Resizes a PIL Image object to the specified width and height; does not resize in place. If either width or height are -1, resizes with aspect ratio preservation.

If target_width and target_height are both -1, does not modify the image, but will write to output_file if supplied.

If no resizing is required, and an Image object is supplied, returns the original Image object (i.e., does not copy).

Parameters:

image (Image or str) – PIL Image object or a filename (local file or URL)
target_width (int, optional) – width to which we should resize this image, or -1 to let target_height determine the size
target_height (int, optional) – height to which we should resize this image, or -1 to let target_width determine the size
output_file (str, optional) – file to which we should save this image; if None, just returns the image without saving
no_enlarge_width (bool, optional) – if [no_enlarge_width] is True, and [target width] is larger than the original image width, does not modify the image, but will write to output_file if supplied
verbose (bool, optional) – enable additional debug output
quality (str or int, optional) – passed to exif_preserving_save, see docs for more detail

Returns:

the resized image, which may be the original image if no resizing is: required

Return type:

PIL.Image.Image

megadetector.visualization.visualization_utils.resize_image_folder(input_folder, output_folder=None, target_width=-1, target_height=-1, no_enlarge_width=False, verbose=False, quality='keep', pool_type='process', n_workers=10, recursive=True, image_files_relative=None, overwrite=True)[source]

Resize all images in a folder (defaults to recursive).

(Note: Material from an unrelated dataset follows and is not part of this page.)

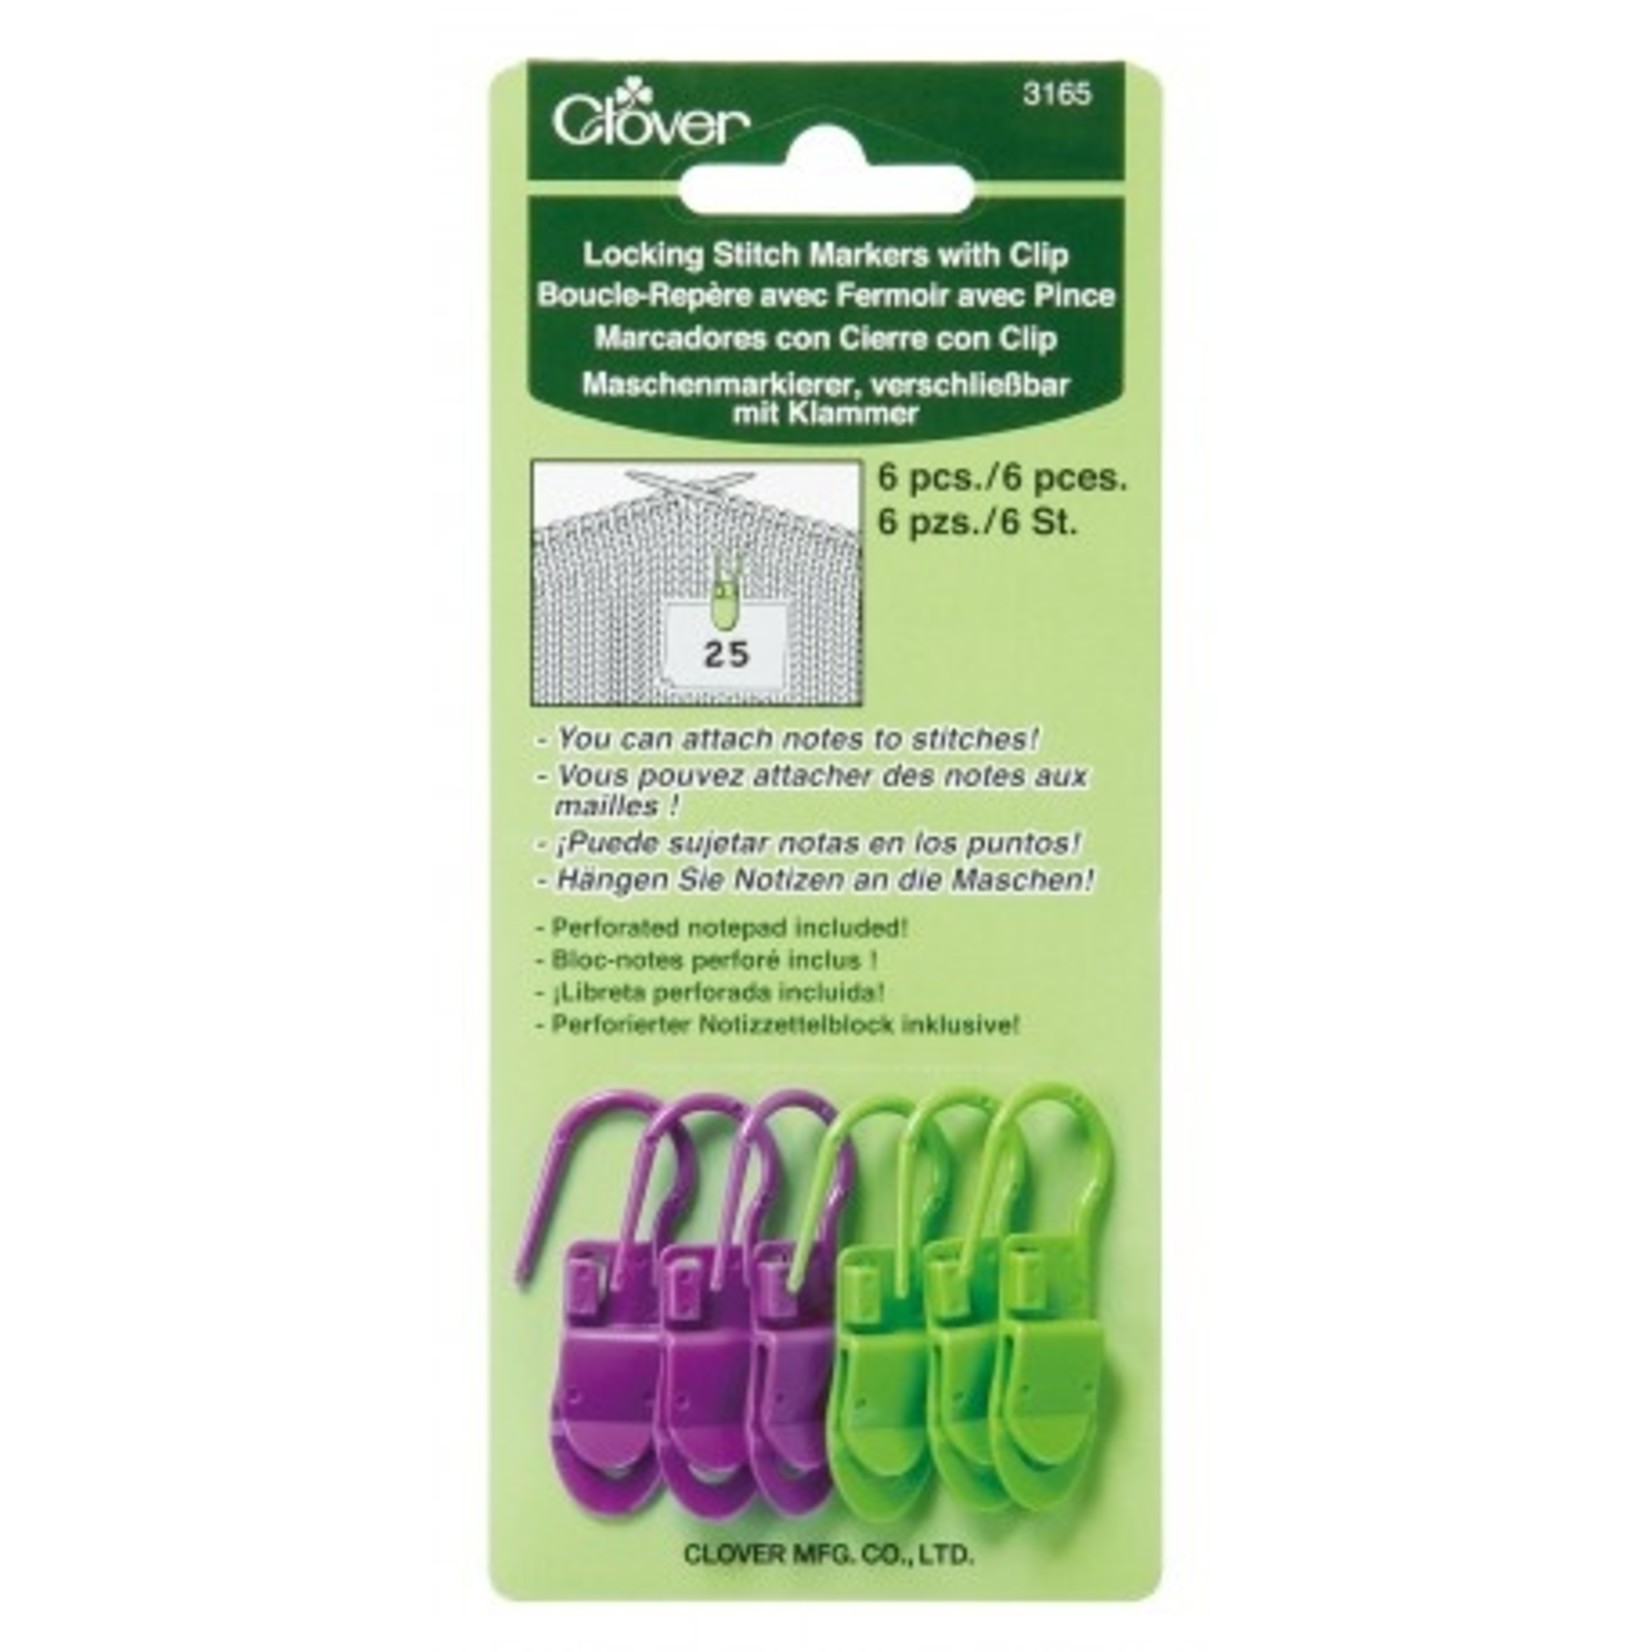 Clover Locking Stitch Markers With Clip Clover 3165

Defaults to in-place resizing (output_folder is optional).

Parameters:

input_folder (str) – folder in which we should find images to resize
output_folder (str, optional) – folder in which we should write resized images. If None, resizes images in place. Otherwise, maintains relative paths in the target folder.
target_width (int, optional) – width to which we should resize this image, or -1 to let target_height determine the size
target_height (int, optional) – height to which we should resize this image, or -1 to let target_width determine the size
no_enlarge_width (bool, optional) – if [no_enlarge_width] is True, and [target width] is larger than the original image width, does not modify the image, but will write to output_file if supplied
verbose (bool, optional) – enable additional debug output
quality (str or int, optional) – passed to exif_preserving_save, see docs for more detail
pool_type (str, optional) – whether use use processes (‘process’) or threads (‘thread’) for parallelization; ignored if n_workers <= 1
n_workers (int, optional) – number of workers to use for parallel resizing; set to <=1 to disable parallelization
recursive (bool, optional) – whether to search [input_folder] recursively for images.
image_files_relative (list, optional) – if not None, skips any relative paths not in this list
overwrite (bool, optional) – whether to overwrite existing target images

Returns:

a list of dicts with keys ‘input_fn’, ‘output_fn’, ‘status’, and ‘error’. ‘status’ will be ‘success’, ‘skipped’, or ‘error’; ‘error’ will be None for successful cases, otherwise will contain the image-specific error.

Return type:

list

megadetector.visualization.visualization_utils.resize_images(input_file_to_output_file, target_width=-1, target_height=-1, no_enlarge_width=False, verbose=False, quality='keep', pool_type='process', n_workers=10, overwrite=True)[source]

Resizes all images the dictionary [input_file_to_output_file].

Parameters:

input_file_to_output_file (dict) – dict mapping images that exist to the locations where the resized versions should be written
target_width (int, optional) – width to which we should resize this image, or -1 to let target_height determine the size
target_height (int, optional) – height to which we should resize this image, or -1 to let target_width determine the size
no_enlarge_width (bool, optional) – if [no_enlarge_width] is True, and [target width] is larger than the original image width, does not modify the image, but will write to output_file if supplied
verbose (bool, optional) – enable additional debug output
quality (str or int, optional) – passed to exif_preserving_save, see docs for more detail
pool_type (str, optional) – whether use use processes (‘process’) or threads (‘thread’) for parallelization; ignored if n_workers <= 1
n_workers (int, optional) – number of workers to use for parallel resizing; set to <=1 to disable parallelization
overwrite (bool, optional) – whether to overwrite existing target images

Returns:

a list of dicts with keys ‘input_fn’, ‘output_fn’, ‘status’, and ‘error’. ‘status’ will be ‘success’ or ‘error’; ‘error’ will be None for successful cases, otherwise will contain the image-specific error.

Return type:

list

megadetector.visualization.visualization_utils.test_visualization_utils()[source]: Runs all tests in the TestVisualizationUtils class.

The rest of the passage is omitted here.